Я слушал. И скучал по Панкову. В этой больнице для душевнобольных все было устроено гораздо разумнее, чем в так называемом нормальном мире. Наверное, нормы на самом деле не существует. Я сидел в московской гостинице и слушал по мобильнику музыку с плеера, находящегося в котельной берлинской психиатрической больницы. И мне было хорошо. Я не видел в этом ничего абсурдного. И никакого диссонанса.
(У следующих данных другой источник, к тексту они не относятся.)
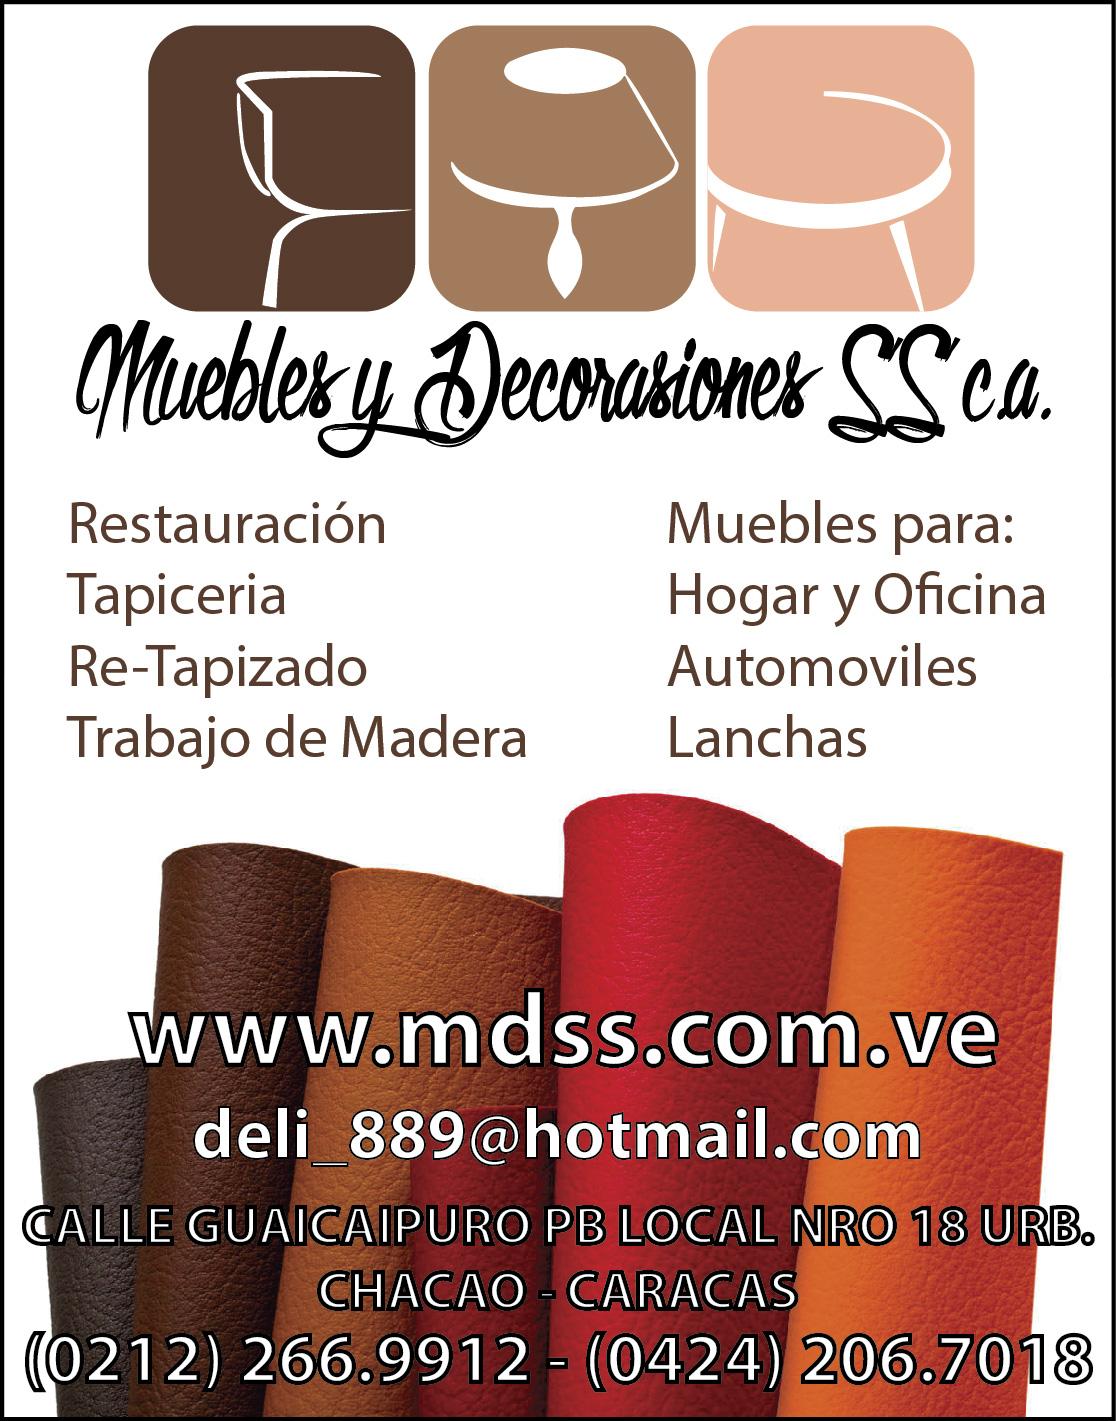 MUEBLES Y DECORACIONES SS C.A. en Paginas Amarillas tu guia Comercial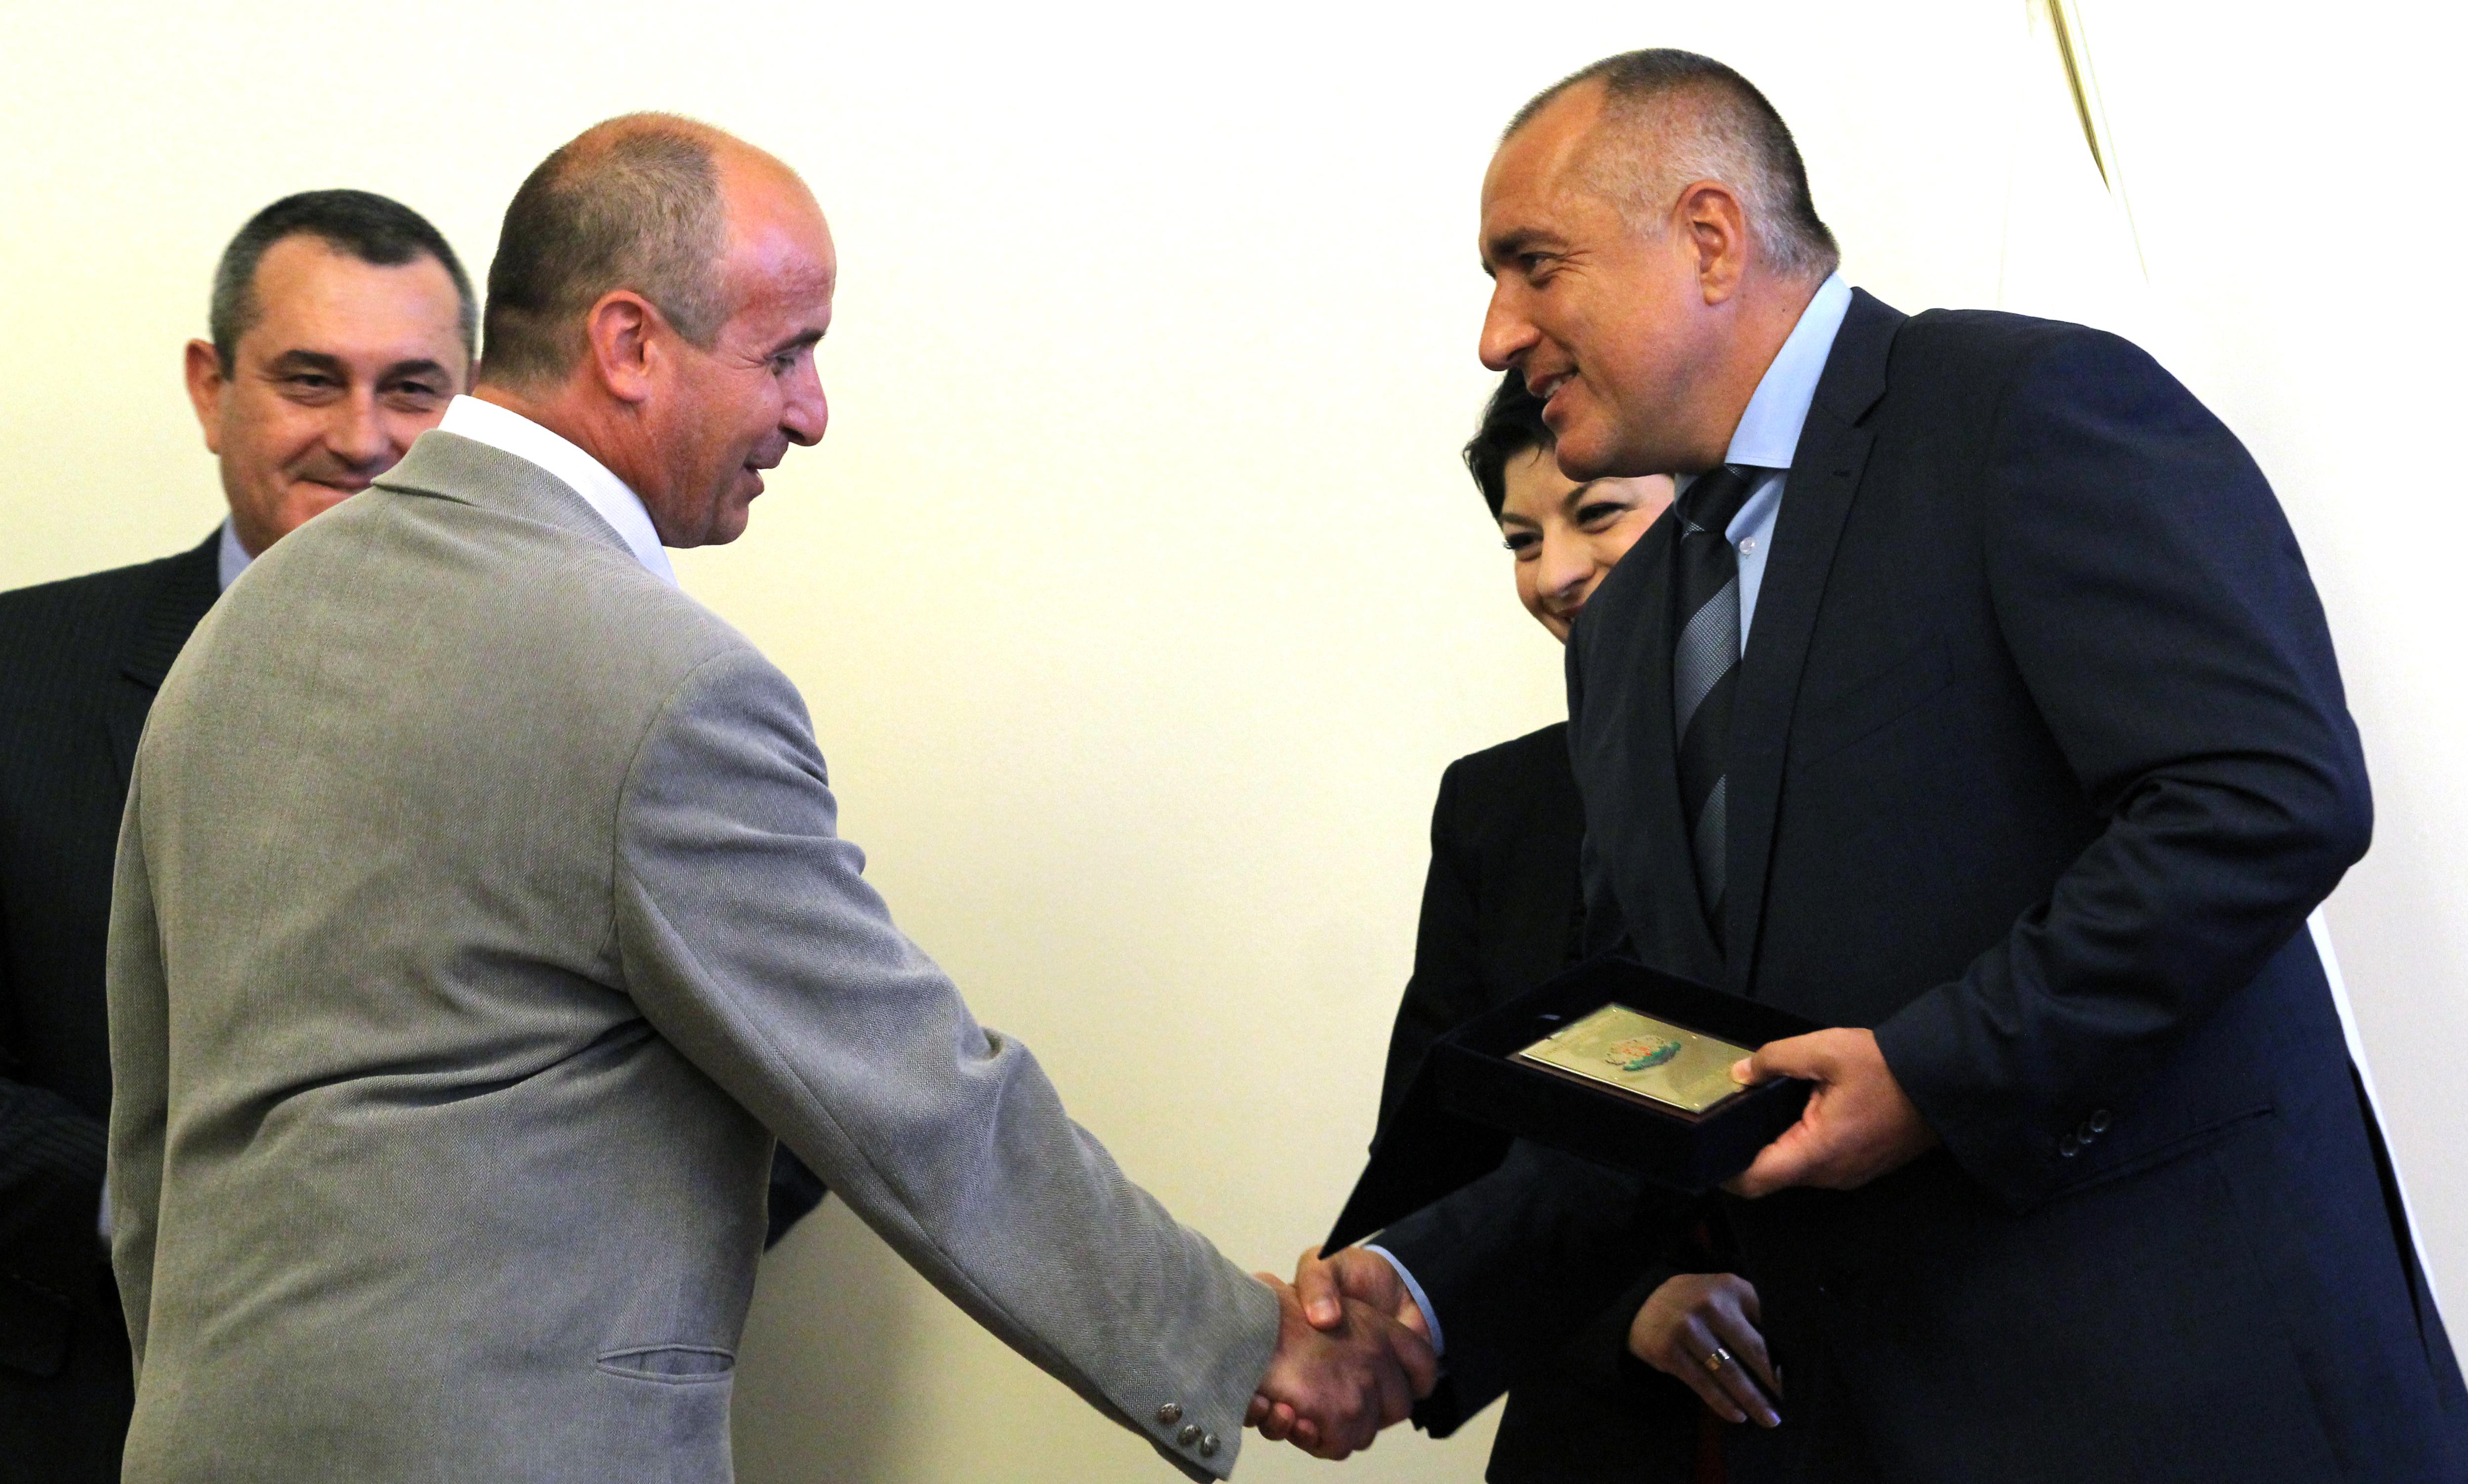 Борисов при награждаването на лекари след атентата: Къде е якият касапин

Утром мне принесли в номер завтрак, и кофе почему-то оказался остывшим, да и есть после вчерашнего не хотелось, и я предпочел выпить минералки.
Из полиэтиленового пакета, куда переложили мои вещи, я достал джинсы, футболку и свитер. Других ботинок у меня с собой не было. Иоанна всегда высмеивала мою привязанность к одной паре обуви. У нее было пар тридцать, а у Изабеллы, насколько я помню, больше. Обувь для женщин, видимо, своего рода фетиш. Я не понимал природы этого явления и обращал внимание на женскую обувь лишь тогда, когда она выглядела экстремально. Например, кеды с вечерним платьем или зимние сапоги с шортами и муслиновой блузкой на пляже, или, как сегодняшней ночью, шпильки размером с палочки из китайского ресторана. Честно говоря, рассматривая женские ноги, я никогда не опускал взгляд ниже щиколоток и концентрировался, в основном, на бедрах.